Given that CL and CLXL have higher costs of production than their non-CL counterparts, with a large percentage of that being upfront seed costs, another measure of profitability is the return on investment, which we defined as the cost of production for each rice type in this study. The profit margin in this sense is defined as profit per unit of cost. Table 5 illustrates that CL and CLXL lines have greater profit margins than their non-CL counterparts across all three-initial red rice infestation rates. Table 5 implies that, on average, CL rice returns $0.15, $0.36, and $0.54 more profit for every dollar invested than non-CL rice (conventional and CLXL) with a light, moderate, and heavy initial red rice infestation rate, respectively. These results imply that the higher upfront costs for CL and CLXL rice are offset by more than proportional higher profits relative to their non-CL rice counterparts.

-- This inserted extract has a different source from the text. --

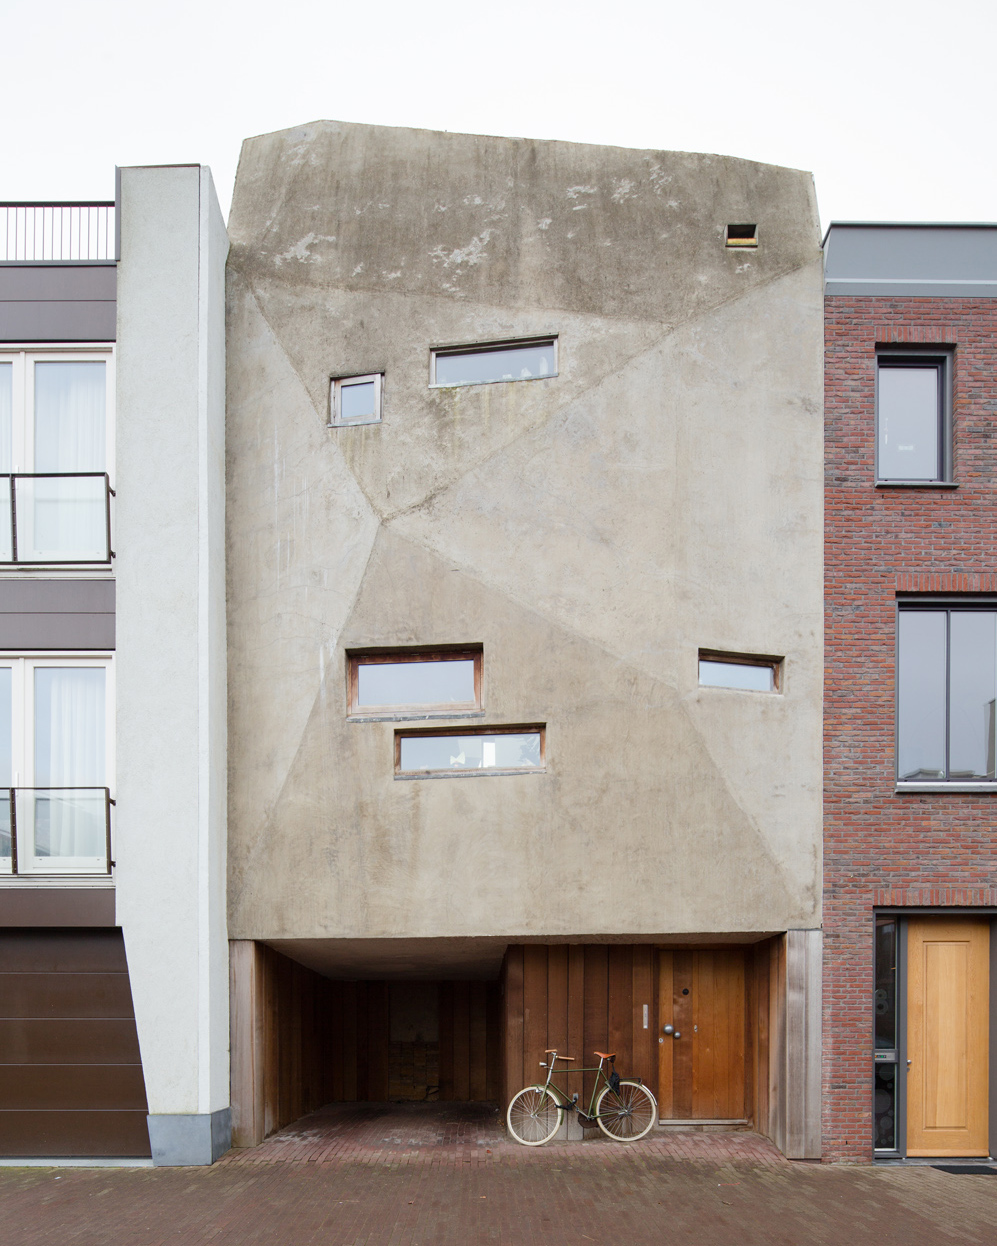  architect:  House of Bouw  location: Amsterdam, The Netherlands

Table 5 illustrates two distinct points: First, the introduction of red rice, even at light infestation rates, has significant negative implications to returns on investment in rice. Second, CLXL, although more expensive than CL, has higher returns on investments than CL technology. According to this dataset and subsequent modeling assumptions, CL and CLXL rice types have a higher absolute and relative profit advantage over their conventional and XL counterparts when red rice is present.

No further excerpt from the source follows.